[PROMPT] The answer must consist solely of the lines from the one with "Sundere æbletærte med" through the last line of the data, copied exactly, with no pictures.

*** DATA BELOW Section Begins ***

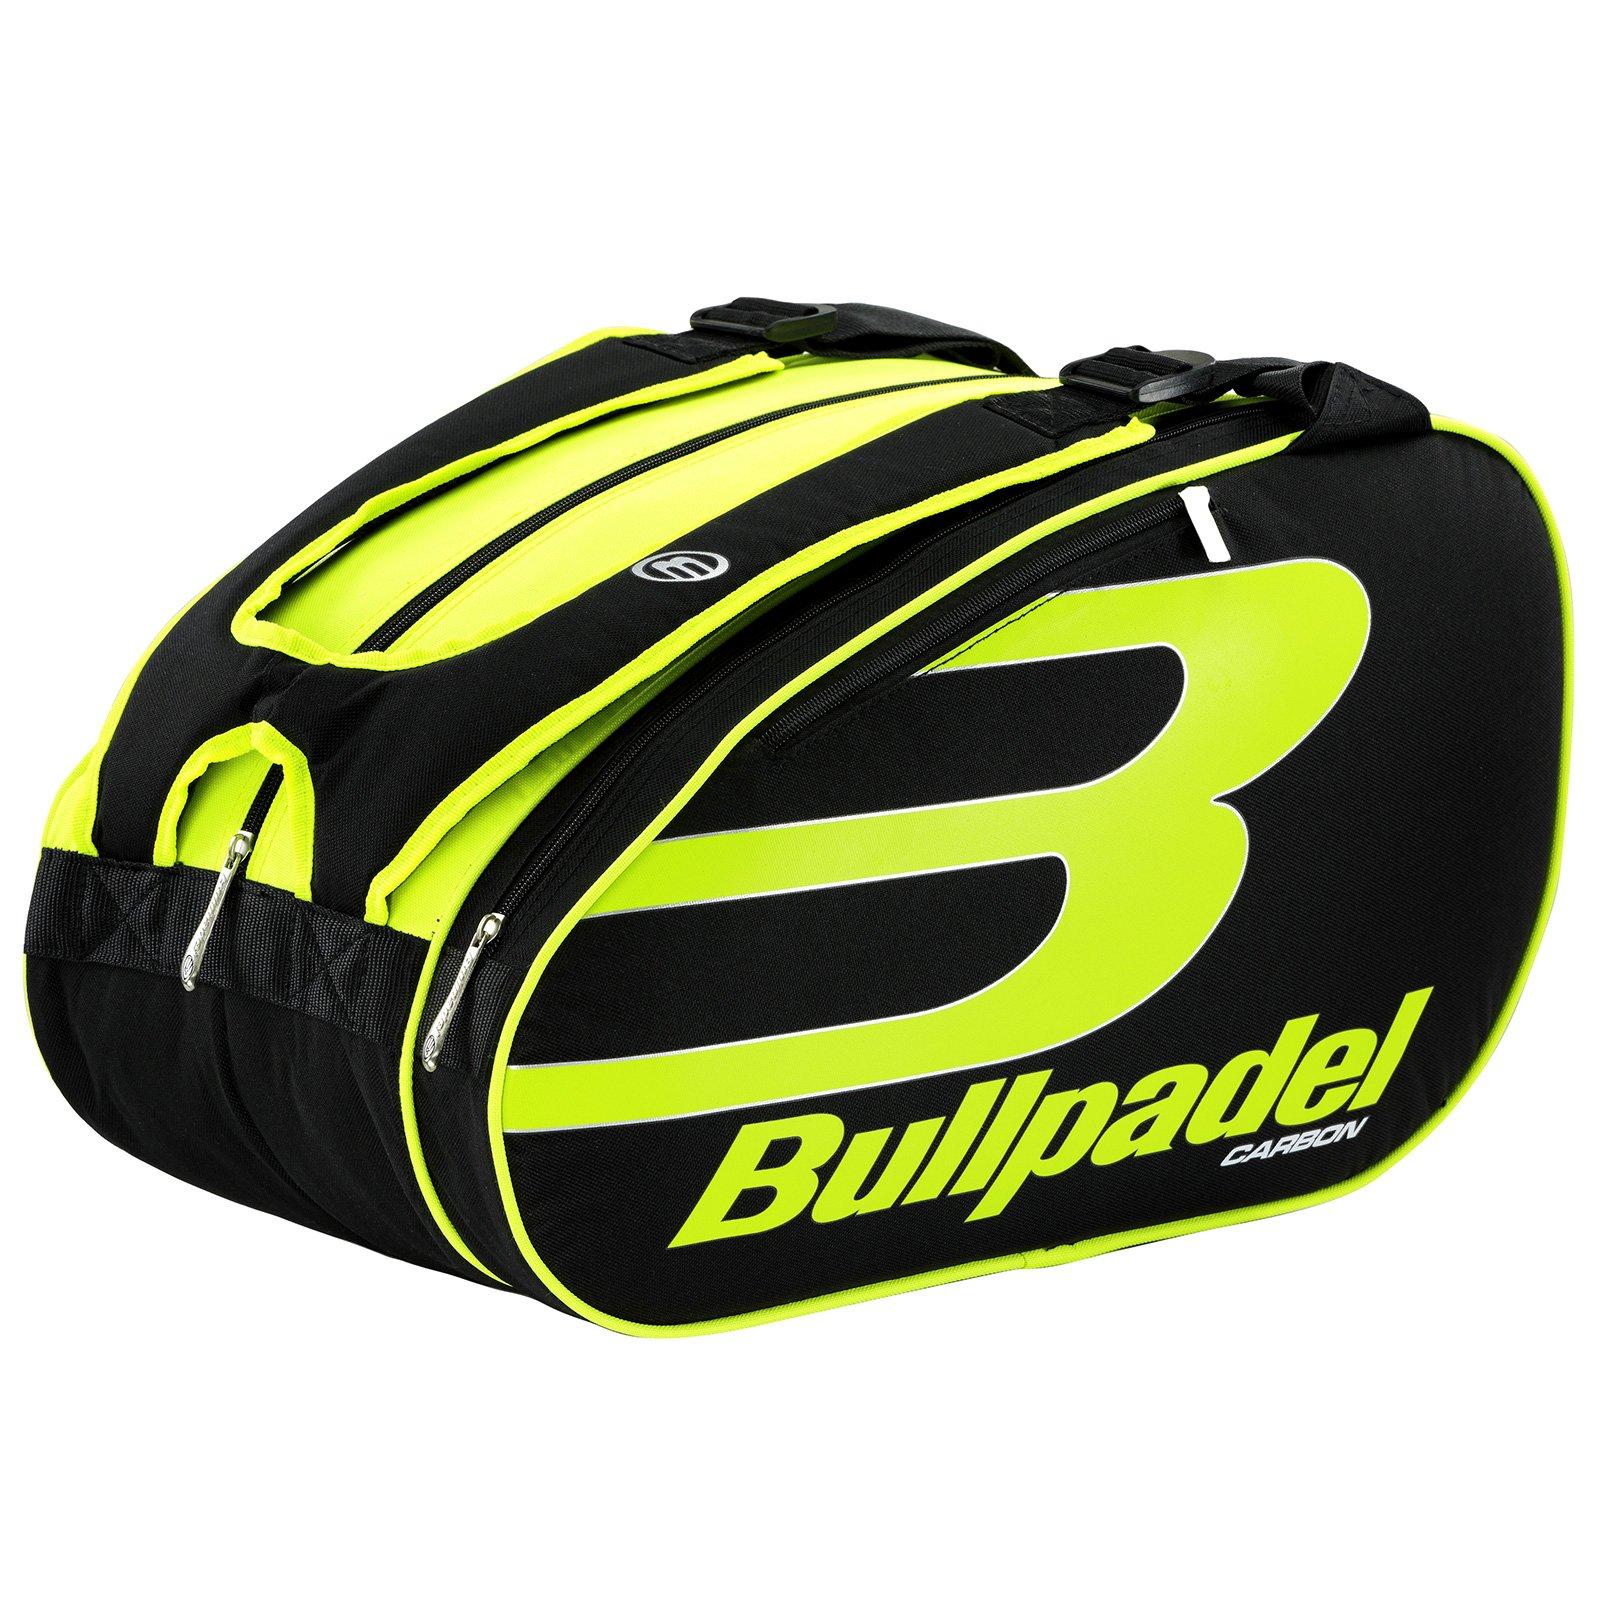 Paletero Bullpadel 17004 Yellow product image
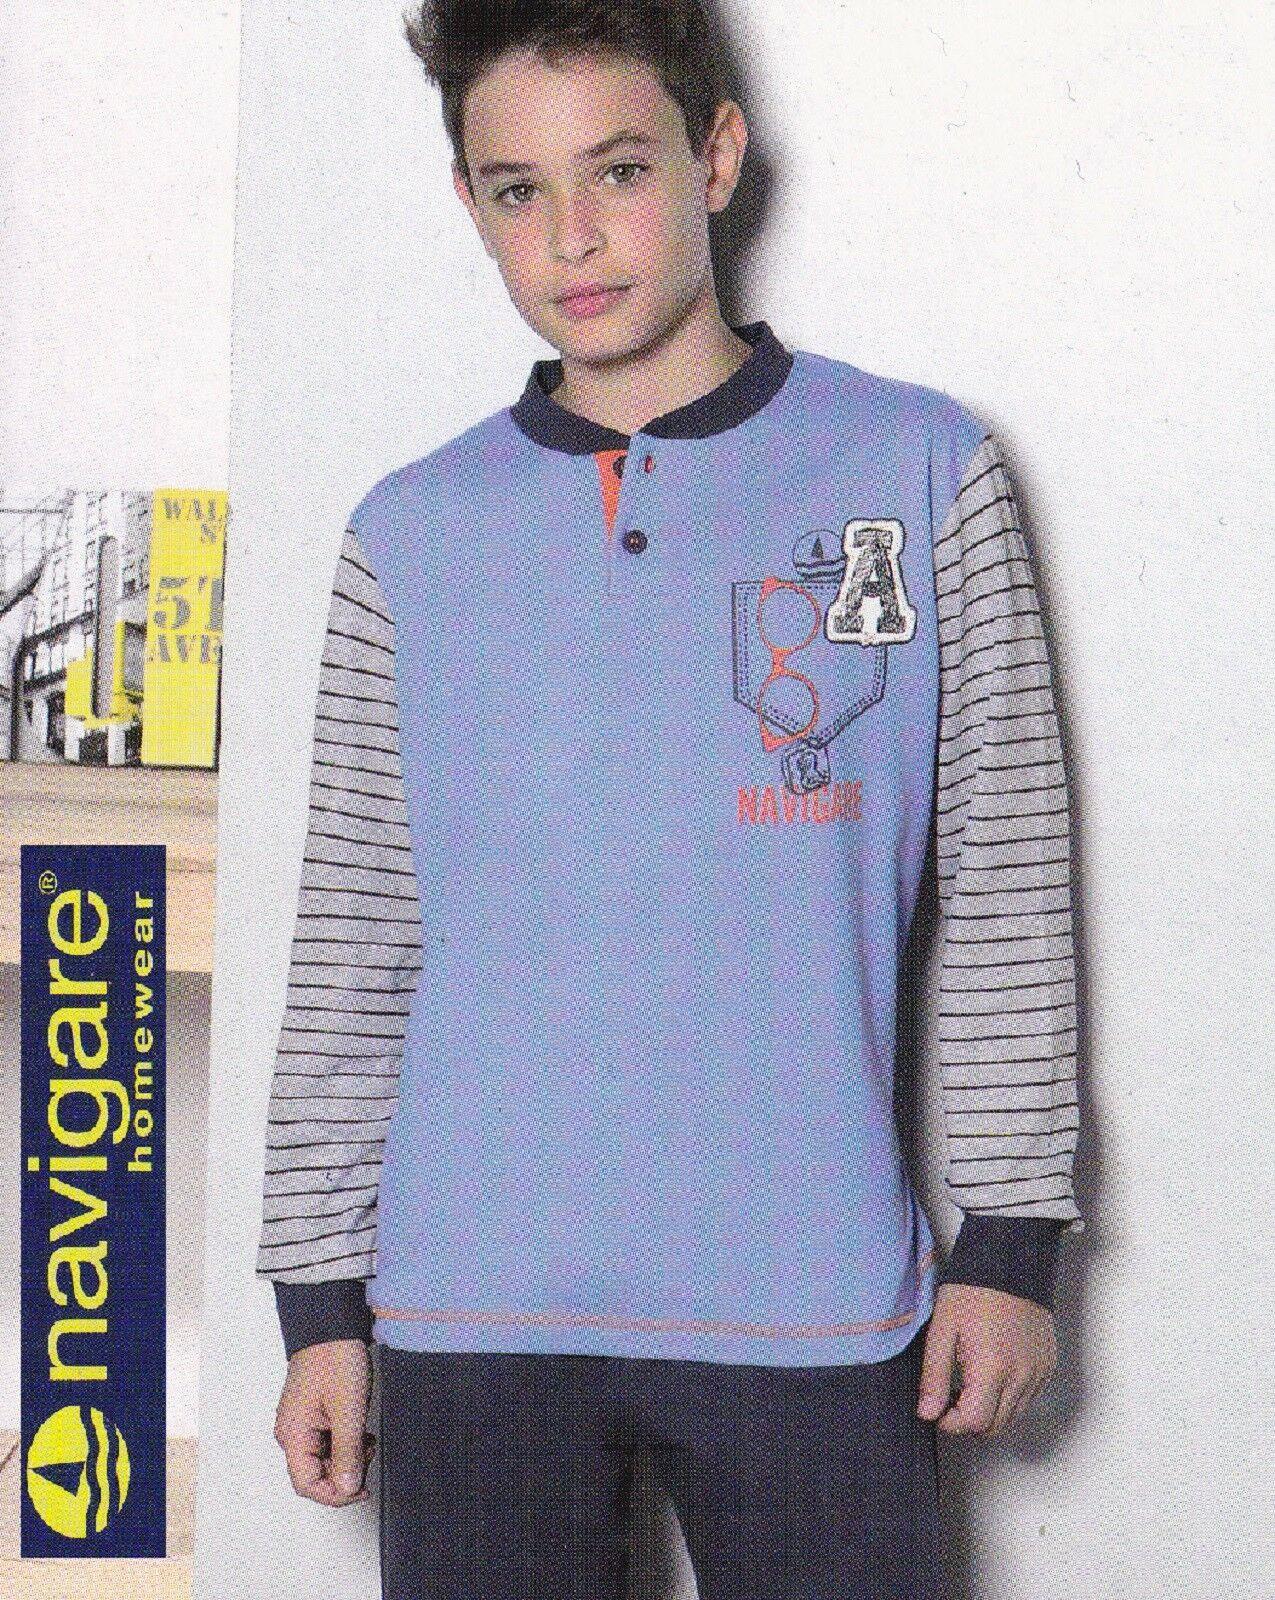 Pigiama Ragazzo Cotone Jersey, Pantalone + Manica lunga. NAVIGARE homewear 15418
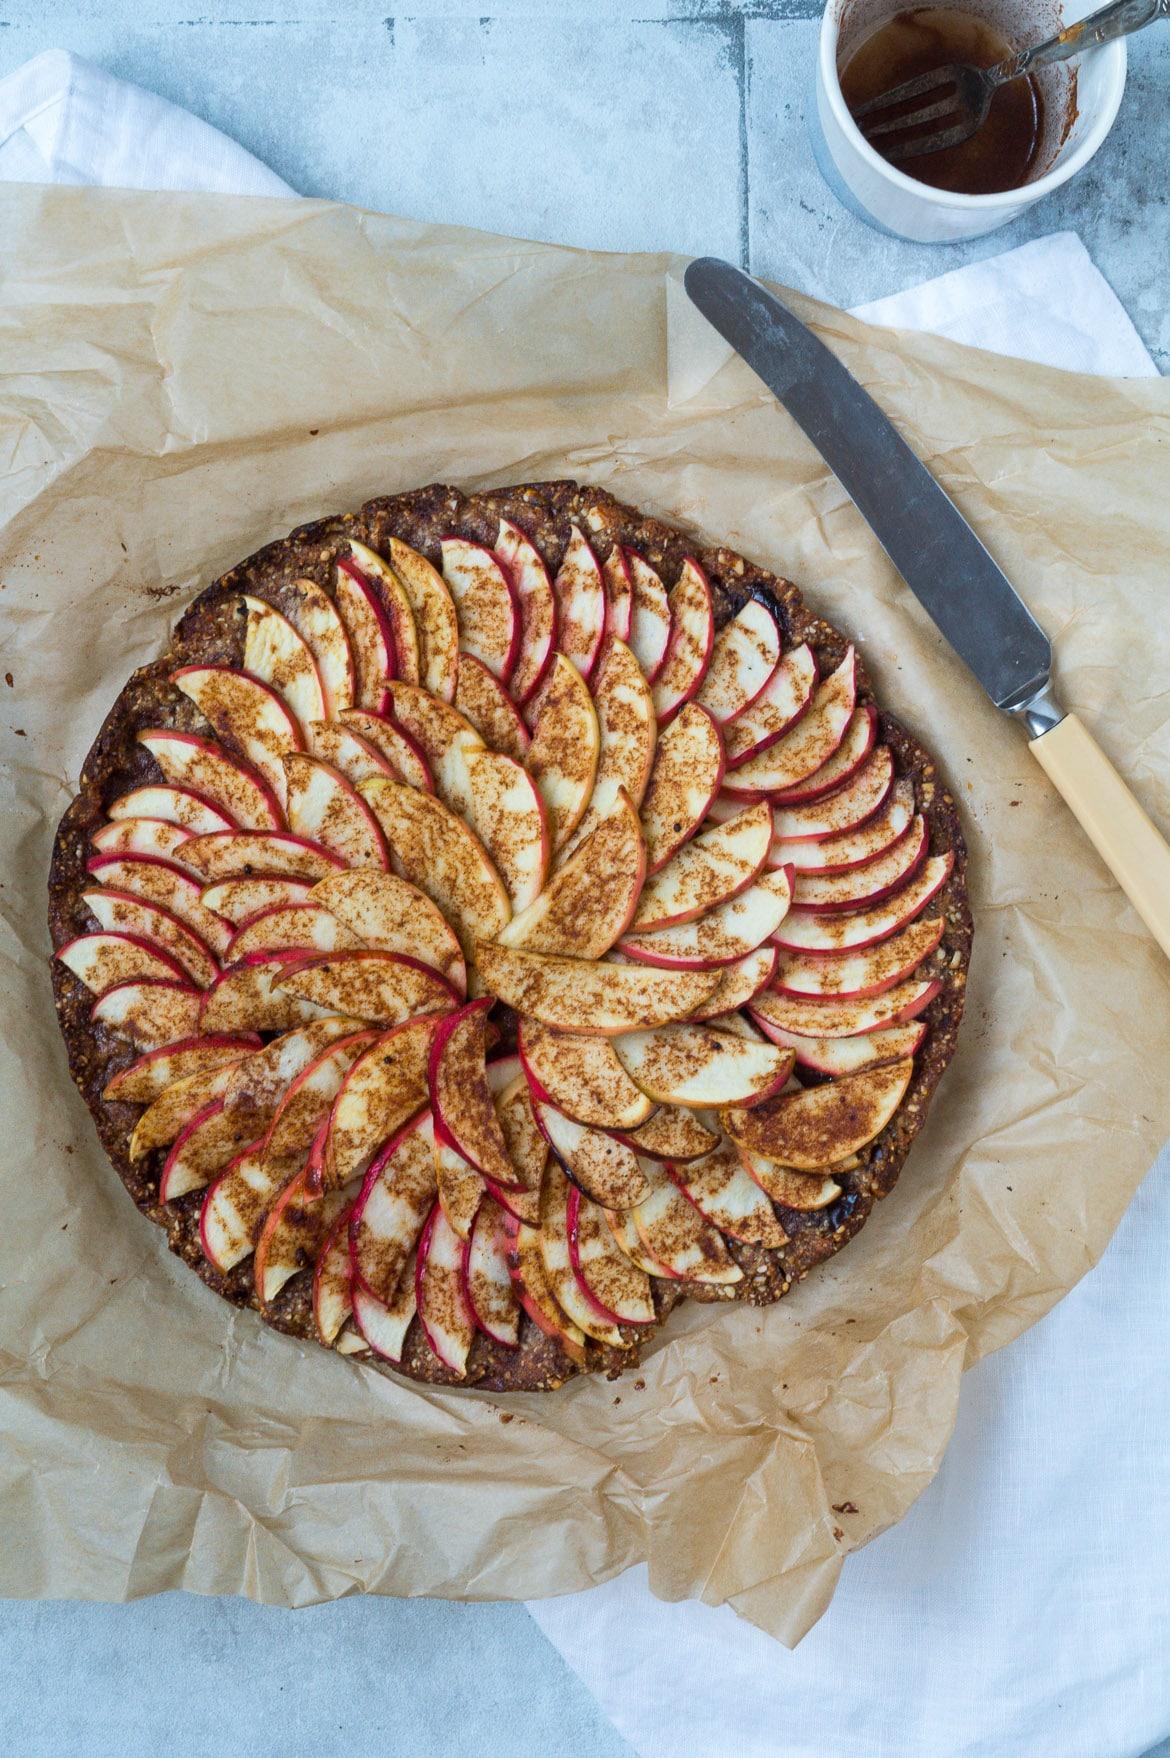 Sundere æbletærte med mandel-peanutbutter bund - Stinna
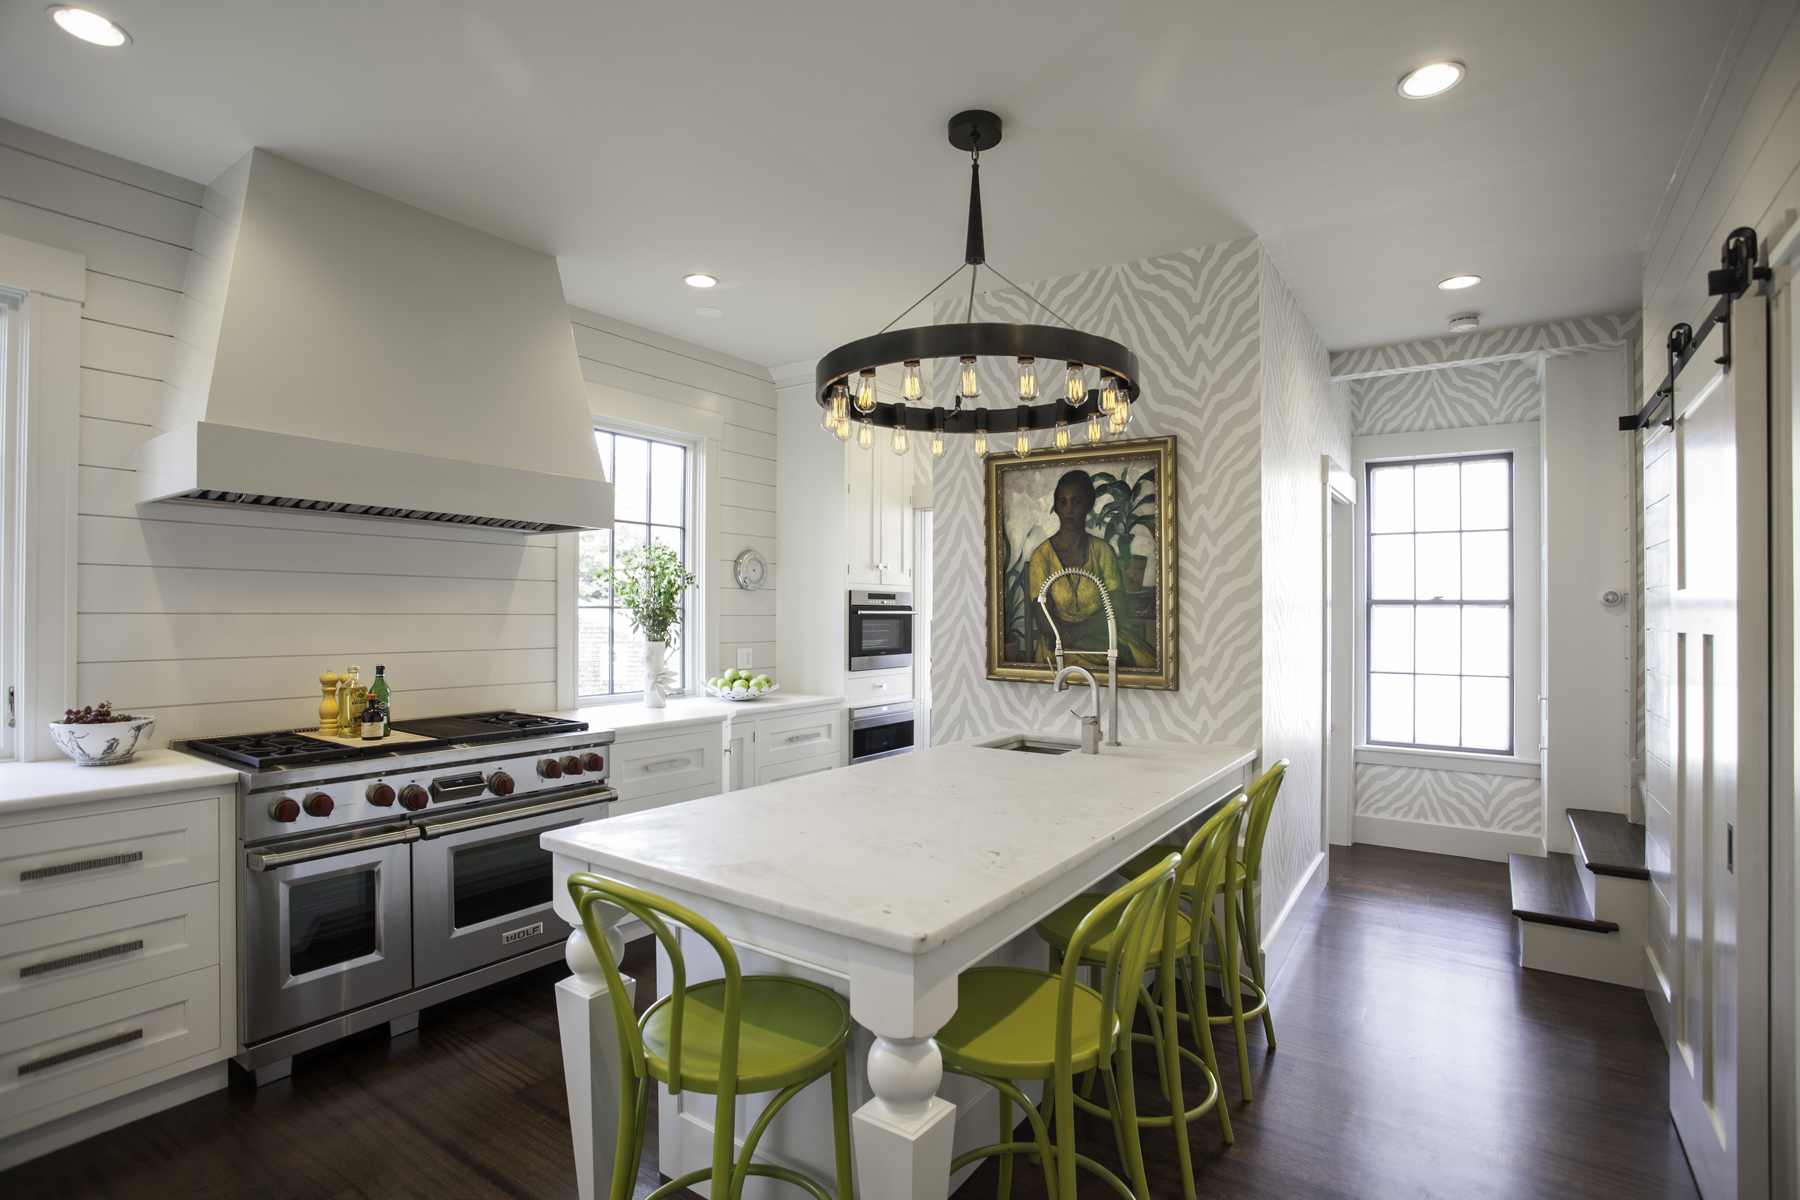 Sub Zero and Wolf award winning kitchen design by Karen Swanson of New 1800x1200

*** DATA BELOW Section Ends ***

[REPLY TO THE EXERCISE]
 Sundere æbletærte med mandel-peanutbutter bund - Stinna
 Sub Zero and Wolf award winning kitchen design by Karen Swanson of New 1800x1200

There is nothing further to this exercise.